In the still wet epoxy of the curved side of the tool I laid the ceramic tiles used for grinding. They very nicely followed the curvature already and I decided not to lay the mirror on top of it for further fitting but at the risk of the whole thing getting clued together.
I wanted to grind the primary and secondary in parallel. The idea was that at any given time only one size of grit was floating around the work place. The process seems to have worked well as there are so far no scratches in the optics.
Picture of grinding tool
Grinding started with 220 grit and in less than 1 hour full contact was established between the mirror and all the grinding tiles. Grinding of the secondary mirrors stared at 80grit even before the primary was joining in.
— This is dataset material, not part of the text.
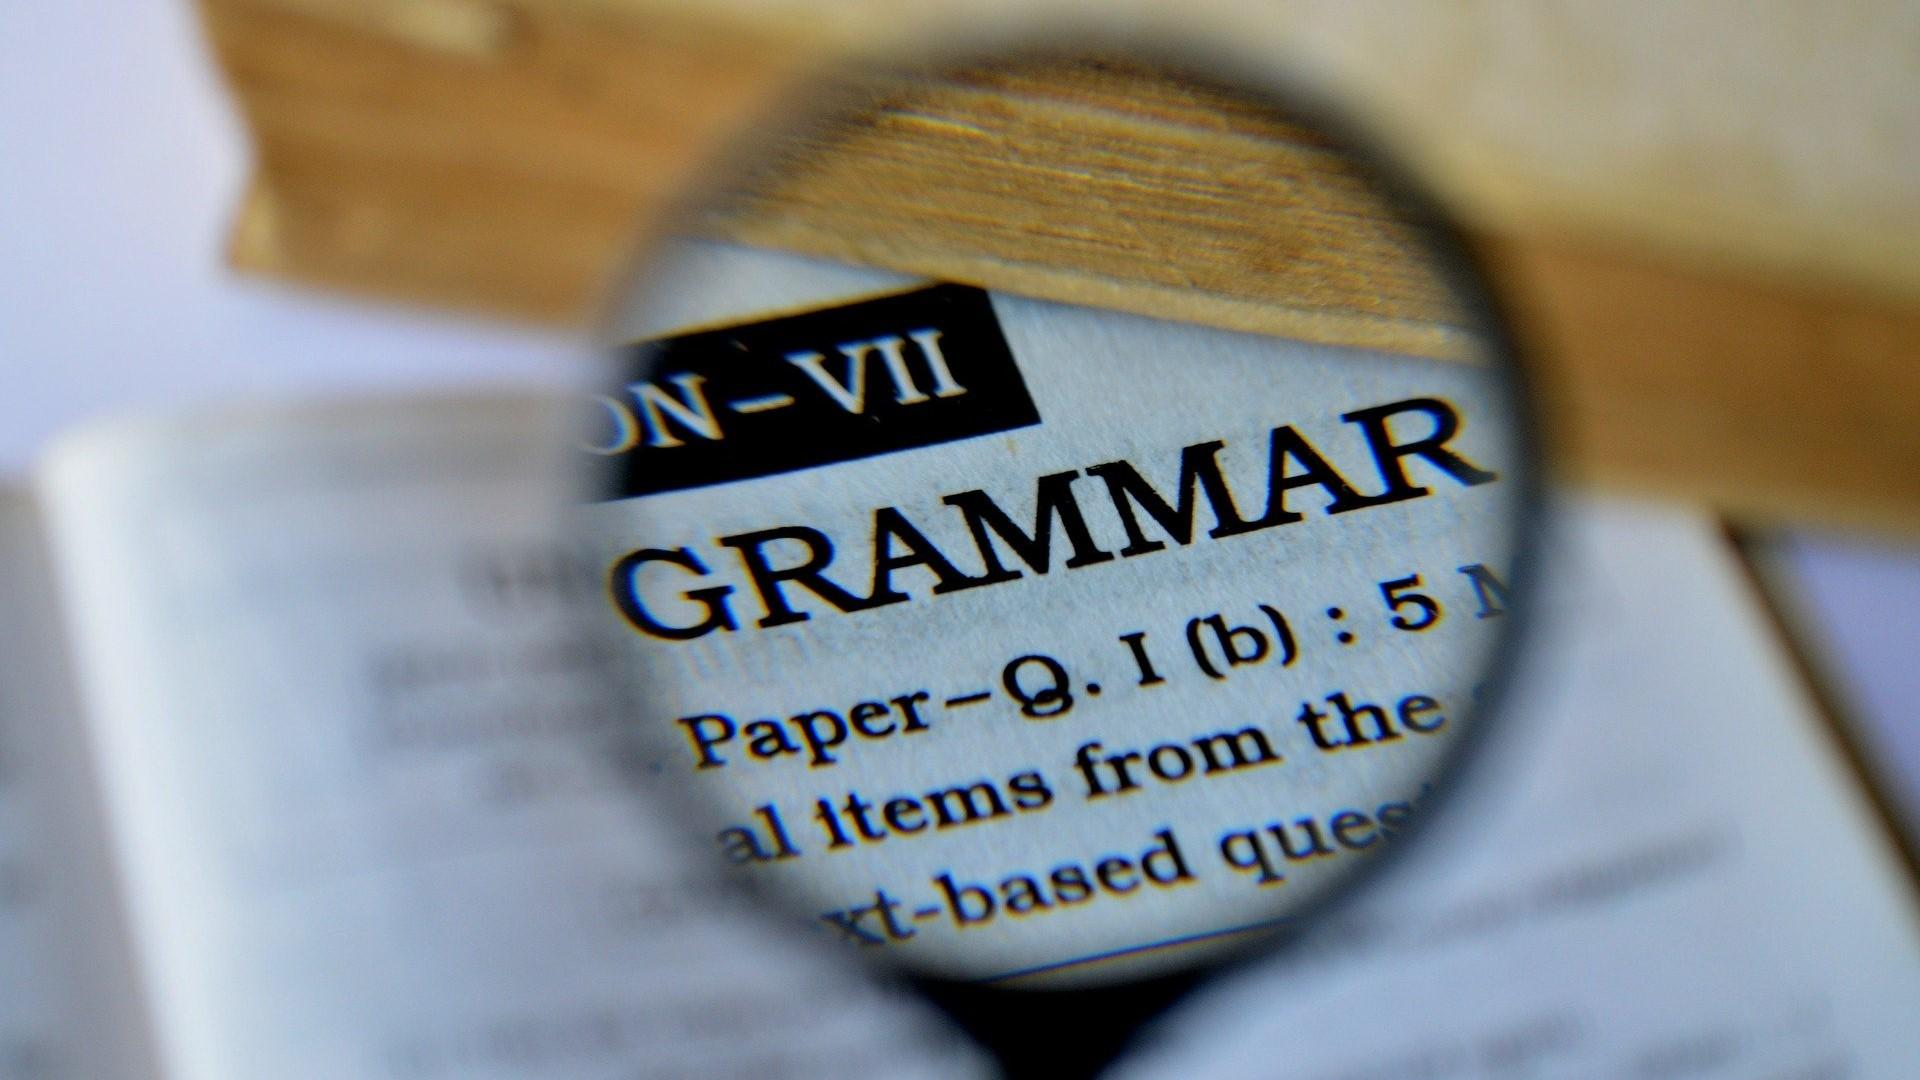 Grammatik-Wissen: Was ist ein Verb?
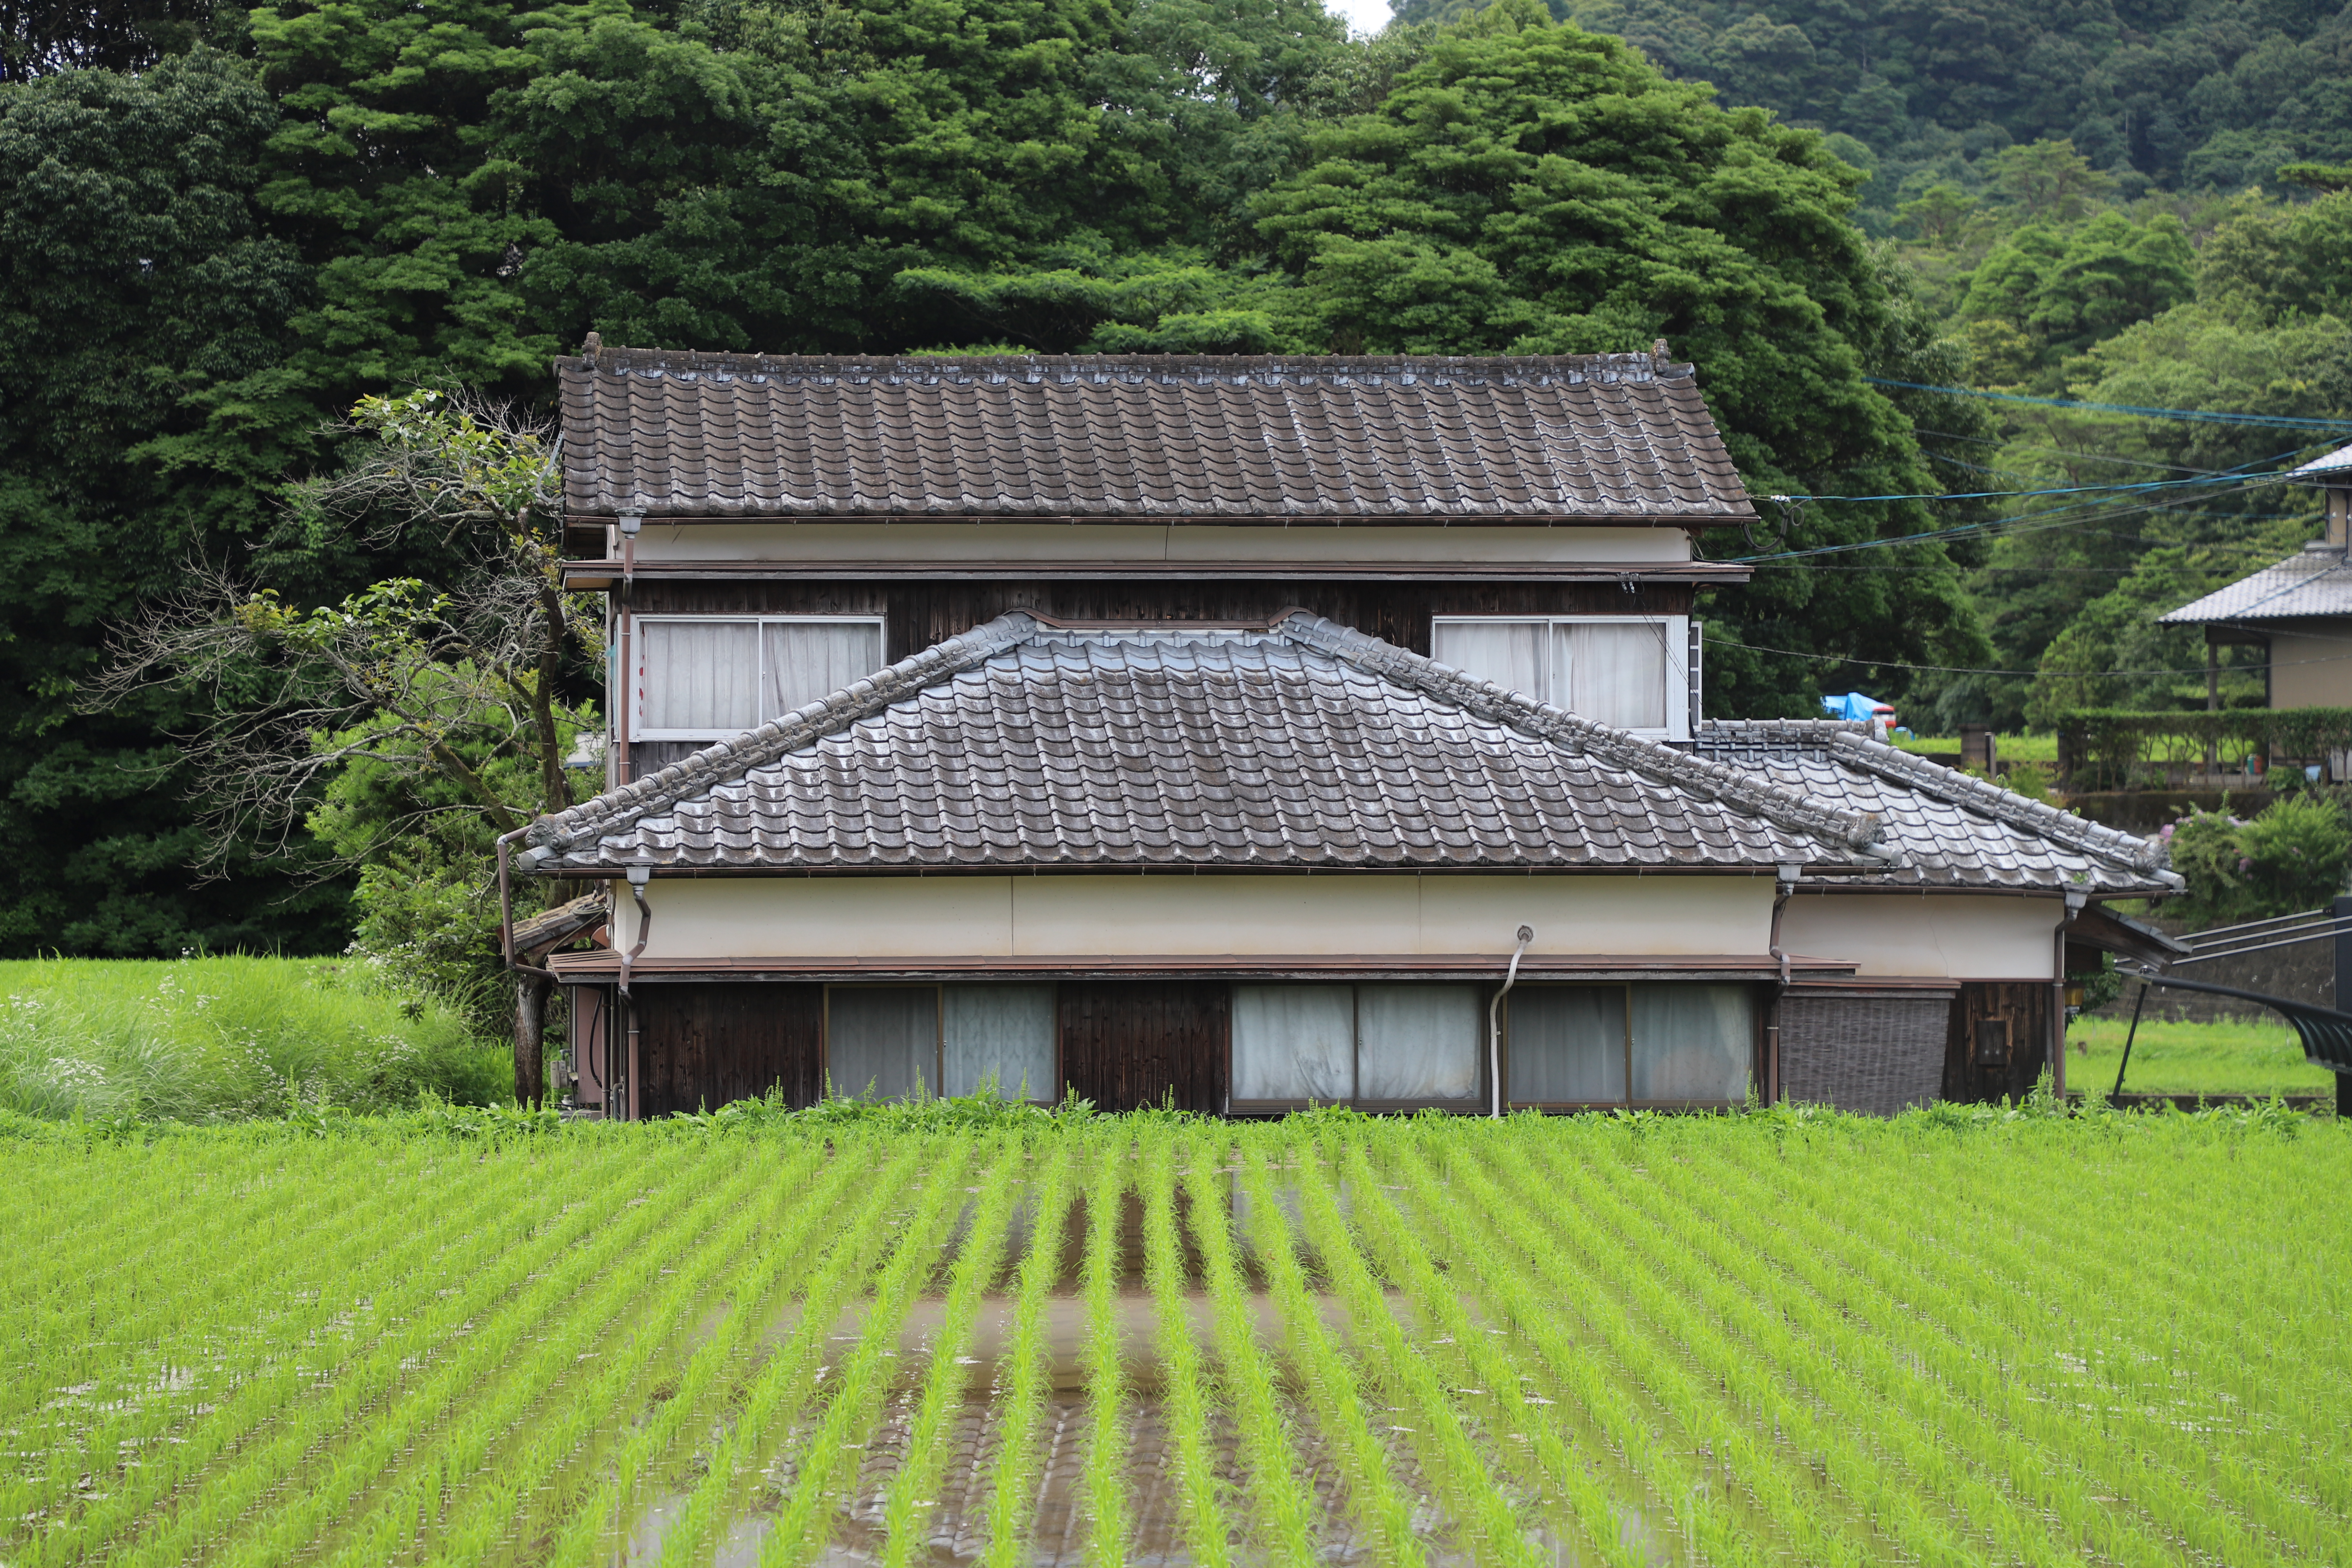 Ο Γιάννης Γκίκας πέρασε 3 μήνες σ΄ένα παλιό Ιαπωνικό σπίτι στην πλαγιά ενός καταπράσινου βουνού.

As the secondary diameter is about 4inch the required radius was reached in 30minutes. The back sides were also ground and raw polished so that later interference fringe testing could be performed through the back surface
I went through fine grinding the mirrors using grit: 220, 400, 600, 9micron and 5micron. After grinding I wanted to keep the grinding tool available in case I had to redo some fine grinding. I cast another tools from Pourstone and sealed it with epoxy resin. Then a pitch lap was poured on it and polishing began.
Here is a log of the figuring process.
The mirror cell is welded from 1inch square tubing. I can't do that
myself to the wanted accuracy and so I had a steel workshop build it for
me. It turned out very well.
For the truss tube I used 20mm carbon fiber tubing material. This gives a zero thermal expansion to the tube which is critical to keep a stable focus position in the Cassegrain setup. The carbon material itself is too thin to support bolts, so I machined aluminum plugs to glue into the carbon fiber tubes and then be bolted to the steel mirror cell.
Here are a few details for the aluminum plugs that connect the carbon fiber tubes to the mirror cell material.
At the top of the tube a plywood ring holds the spider which in turn holds the secondary mirror holder and cell.
Here is a picture of the complete truss tube test mounted onto the Super Polaris mount.
Here is a detail of the extra strengthening bars on the mirror cell. 1/4"-20 threaded holes allow to mount the tube on the Vixen Polaris mount. Ultimately the mount will be a bit too weak for the telescope. But it's OK for initial tests.
Next comes the secondary cell. The cell is built in classical way made of two aluminum disks. One the base plate, the other with the collimation bolts carries the mirror. The springs used are disk springs, which provide better strength than spiral springs and will not allow the collimation to wobble. The cell is mounted to the secondary spider using the central bolt. The lateral motion also allows for adjusting the focus position.
The clamps will be an extra insurance to hold the mirror. The plan is to lock it into place with silicone glue to avoid it moving around.
This is the making and assembly of the baffle tube. The baffle tube is held in the hole in the primary mirror by a ring nut.
The aluminum coating of the primary was done at 'Alcoat' (Bob Fies).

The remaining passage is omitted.